П. мы догнали возле калитки в огород и «взяли» на болевой приём самбо. От шока он наделал в штаны и уже связанный со слезами просил меня, отвести его сначала домой, где бы он мог переодеться.
Плакал и его приятель, которому я сгоряча пообещал застрелить пса. Он просил лучше застрелить его самого, не зная, что для этого мне сперва надо съездить домой и переодеть брюки, потом съездить в милицию за пистолетом, и лишь после этого ехать к нему. А бензина милиции давали мало, и так долго пользоваться машиной мне бы никто не позволил.
В ГОВД, доставив туда П. и съездив домой поменять порванные брюки, я доложил обо всём Геннадию Степановичу и сказал, что ночное нападение можно считать раскрытым. Но уже собравшийся домой З. неожиданно рассердился и приказал отдать задержанного прапорщикам, чтобы они его увезли в Свердловск. Что же касается девушки, то никакого нападения на неё не было, а был семейный скандал. Всё!!!
Я не знал, как и поступить, но тут ко мне подошёл капитан Г. и позвал ехать с ним на улицу Володарского для задержания некоего П., который, по его сведениям, два дня назад кого-то порезал ножом с тяжёлым исходом в одном из домов на улице Почтовой (это очень близко к медсанчасти РММЗ). Преступление это числилось у нас нераскрытым. Такие вот совпадения – одно за другим…
У меня словно камень с души свалился. Показав Вакилю список «постояльцев» КПЗ, я посоветовал искать П. в пятой камере, а заодно и рассказал о случившейся с ним при задержании неприятности. Обделанные штаны – это же убойный компромат для любого «сидельца», а Володя был Мастером с большой буквы, способным «раскрутить» этот пустячок для дальнейшей пользы следствия и оперативных служб.

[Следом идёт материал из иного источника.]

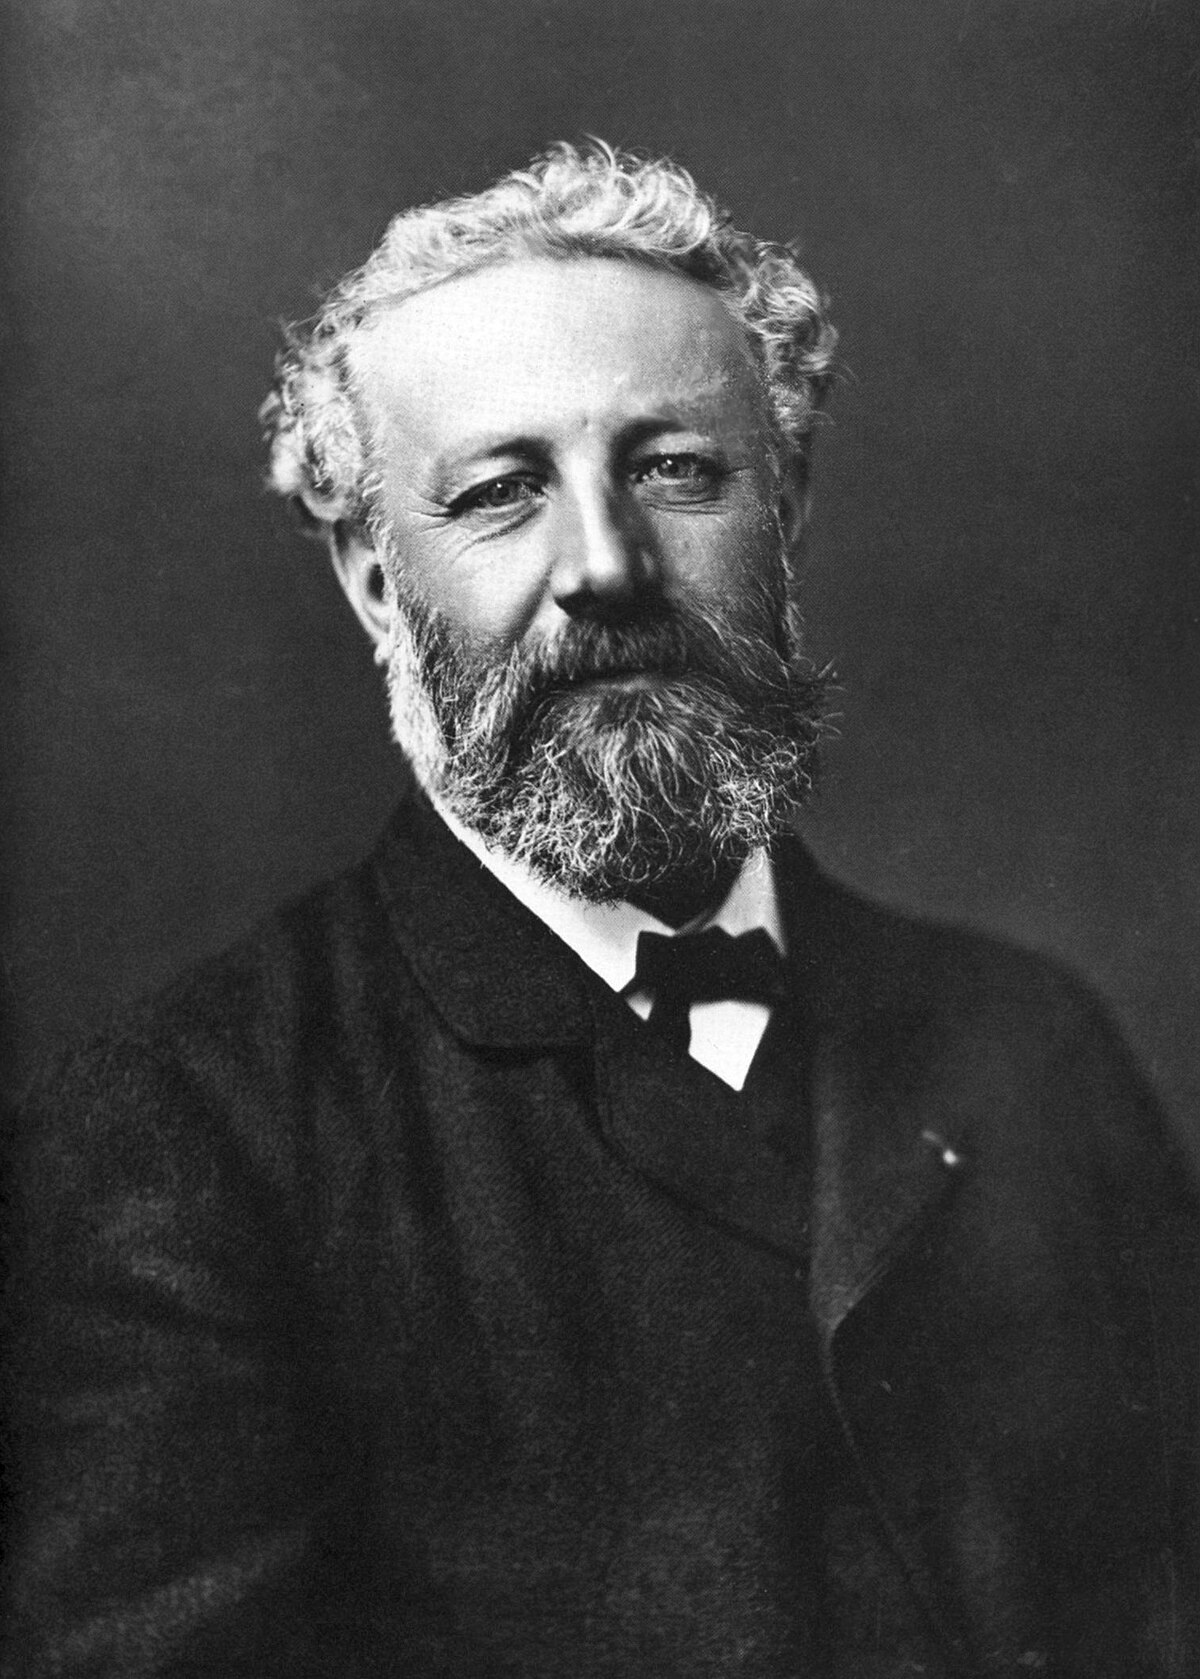  Jules Verne نىڭ تەرجىمىھالى

На следующий день Геннадий Степанович сначала рассердился, узнав, что я не выполнил его указание об оправке задержанного, и П. всё ещё находится у нас, но затем остыл и на оперативке подтвердил правильность моего решения.
А отсутствие следов ночного нападения на снегу объяснилось совсем просто. Оказалось, что девушка просто перепутала расположенные параллельно улицы Володарского и Кости Краснова, и ночью привела нас с Витей не на то место. Через день после героической гибели моих штанов мы с ней вместе прошли весь путь её бегства от взбесившегося отца, и нашли все необходимые следы нападения на неё.